Bu durum kamuoyunu bilgilendirme görevi ile orada bulunan gazeteciler arasında eşitlik ilkesine aykırı düşmektedir. Halkın bilgi alma hakkına yönelik yeni bir engellemedir. Bu uygulamayı şiddetle kınıyoruz."



Gazetecilere uygulanan engele bir tepki de Basın Konseyi'nden geldi. Konsey, gazetecilerin cenaze törenine alınmamasını şu açıklamasıyla kınadı:



"31 Mart 2015 tarihli terör saldırısında şehit düşen Savcı Mehmet Selim Kiraz’ın bugün yapılan cenazesine, birçok medya grubu alınmamıştır.



Bunun gerekçesi, teröristlerin, şehit Savcının başına silah dayadığı fotoğrafın yayınlanmasıdır. Bazı haber sitelerinde yer alan bilgiye göre, Başbakanlık tarafından sunulan gerekçe, söz konusu medya gruplarının 'Bir terör örgütünün hedeflerine hizmet edecek propagandasına yardımcı olacak yayın yapması'' ve 'terör örgütüne karşı net tavır göstermeyen yayın kurumlarına karşı vatandaşın gösterebileceği tepkiyi önlemek'tir.

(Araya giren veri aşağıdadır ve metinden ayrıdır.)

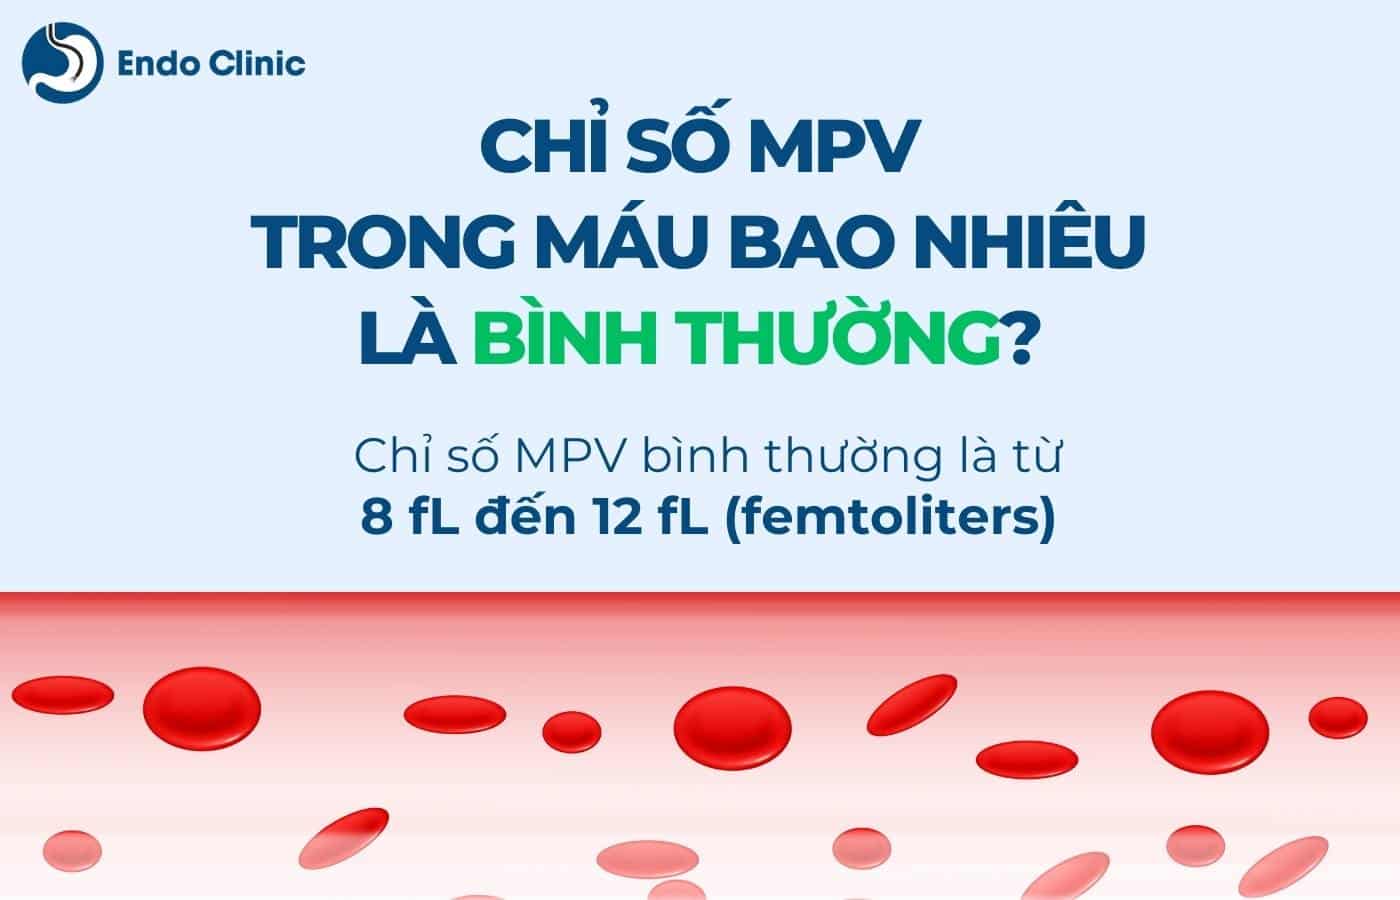 Chỉ số MPV trong xét nghiệm máu bình thường là bao nhiêu?

Şüphesiz, şehit Savcımızın söz konusu fotoğrafının yayımlanmasının etik açıdan doğruluğu tartışılabilir. Fakat bir idari kararla bunun 'cezasını kesmek', basın özgürlüğüne ve halkın haber alma hakkına açık bir müdahaledir.



Başbakanlık basın danışmanı 'çok işi olması' nedeniyle konuya ilişkin sorumuzu yanıtsız bırakmış olmakla birlikte; basında belirtilen Başbakanlık gerekçeleri doğru ise, söz konusu medya gruplarının toptancı bir yaklaşımla 'terör propagandasına yardımcı' olmakla suçlanmaları, hele birçoğunun eylemi açıkça 'terör' olarak nitelendirmeleri karşısında, kabul edilemez bir ithamdır.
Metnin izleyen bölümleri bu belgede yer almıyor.